Zaskoczona jego reakcją, Kinga schowała kartkę, wcisnęŁa zziębnięte dłonie w kieszenie i ruszyła ku wyjściu.
I niech pani tu nie wraca dodał.
Serce jej się ścisnęło, ale zanim zdążyła pogrążyć się w rozpaczy, szef ciągnął dalej:
Dzisiaj i jutro to pani dni wolne. A przy okazji gratuluję dobrego serca. I niech pani liczy na premię za miłość do zwierząt.
Ten szef, znany wszystkim jako Marek Kowalski, miał opinię człowieka twardego. W lecznicy weterynaryjnej sprawa potoczyła się gwałtownie łapka nie była złamana, tylko zwichnięta. Gdy weterynarz opatrywał kociaka, Kinga opowiedziała, jak znalazła zwierzę i o niespodziewanej reakcji szefa.
Weterynarz roześmiał się i wyznał, iż zna Marka od dzieciństwa. Zawsze był bohaterem dla zwierząt ratował szczenięta z wody, bronił kociaków przed oprawcami. Dorosły, wspierał schroniska finansowo, a zaczął od swojej pierwszej wypłaty.
Jednak w stosunku do ludzi Marek zawsze był zdystansowany, co pogłębiło się po tragicznej utracie rodziny. Kinga była poruszona tą historią i przez resztę dnia myślała o szefie, czując potrzebę, by go wesprzeć.
Wieczorem, gdy kotek spokojnie drzemał na jej łóżku, Kinga przygotowywała mu kącik. Nazwała go Puszek wydawało się to idealne. Spokój przerwał telefon dzwonił Marek.
Jak się miewa nasz mały pacjent?
Zarumieniona, Kinga żywo opowiedziała o kocie i podziękowała.
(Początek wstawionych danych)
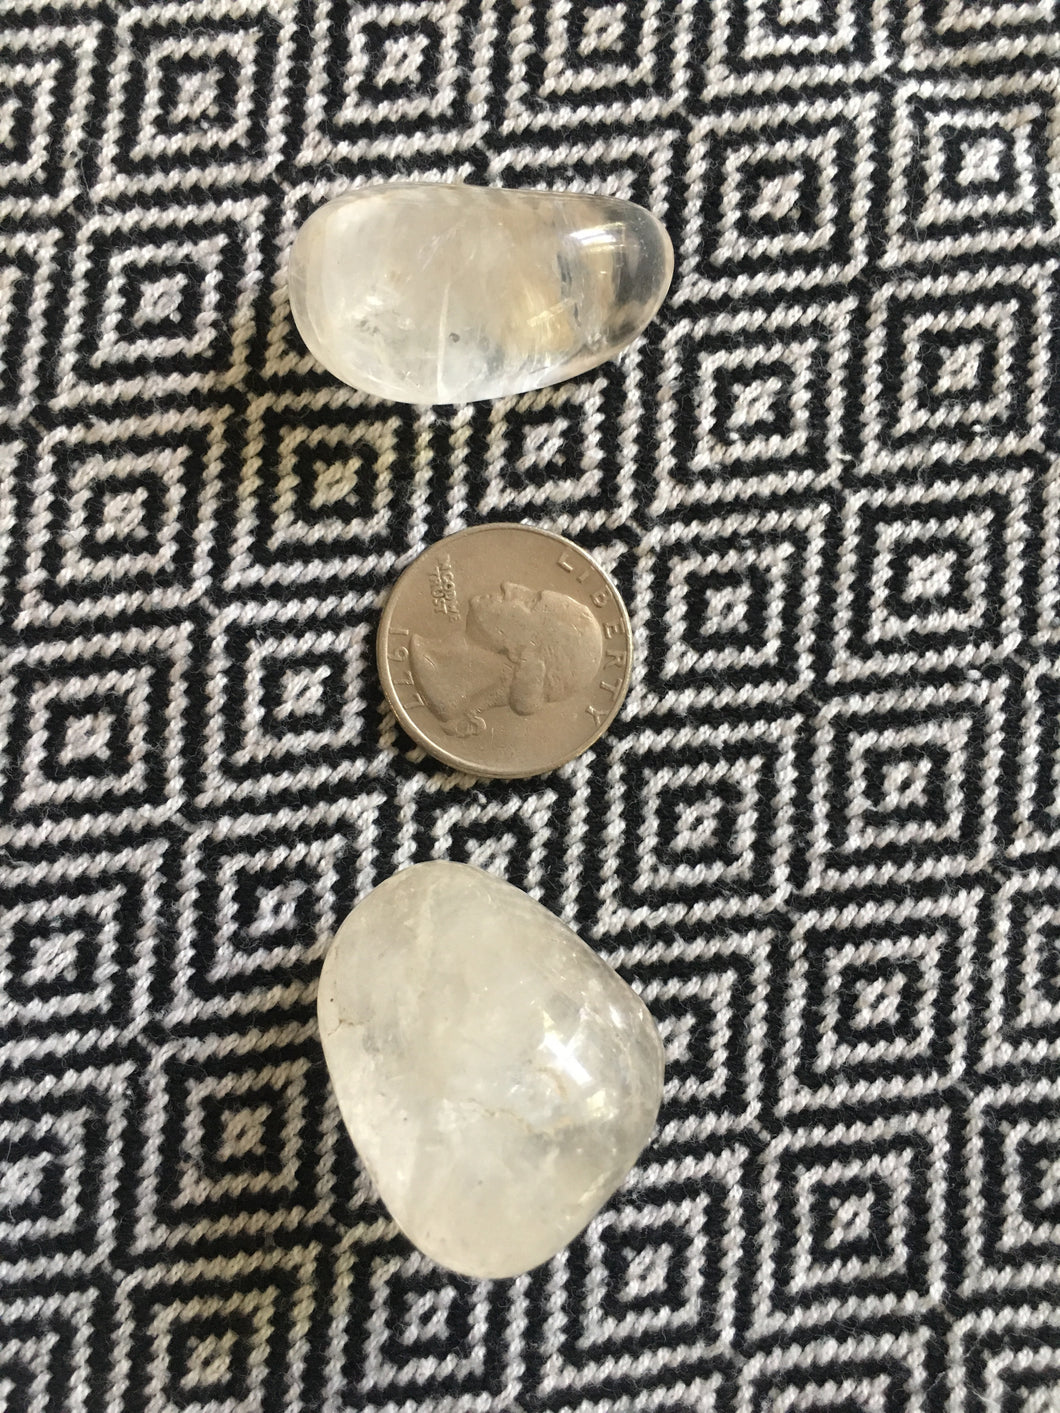 Clear Quartz Tumbled Healing Stone

Marek zaprosił ją na kolację rozmawiali cały wieczór.
Połączyło ich wzajemne zrozumienie i miłość do zwierząt. Razem opiekowali się Puszkiem, a niedługo podzielili pasję ratowania zwierząt w potrzebie. Dla Kingi i jej czworonożnego przyjaciela skończyła się samotność znaleźli euforia i pocieszenie w nowej wspólnocie.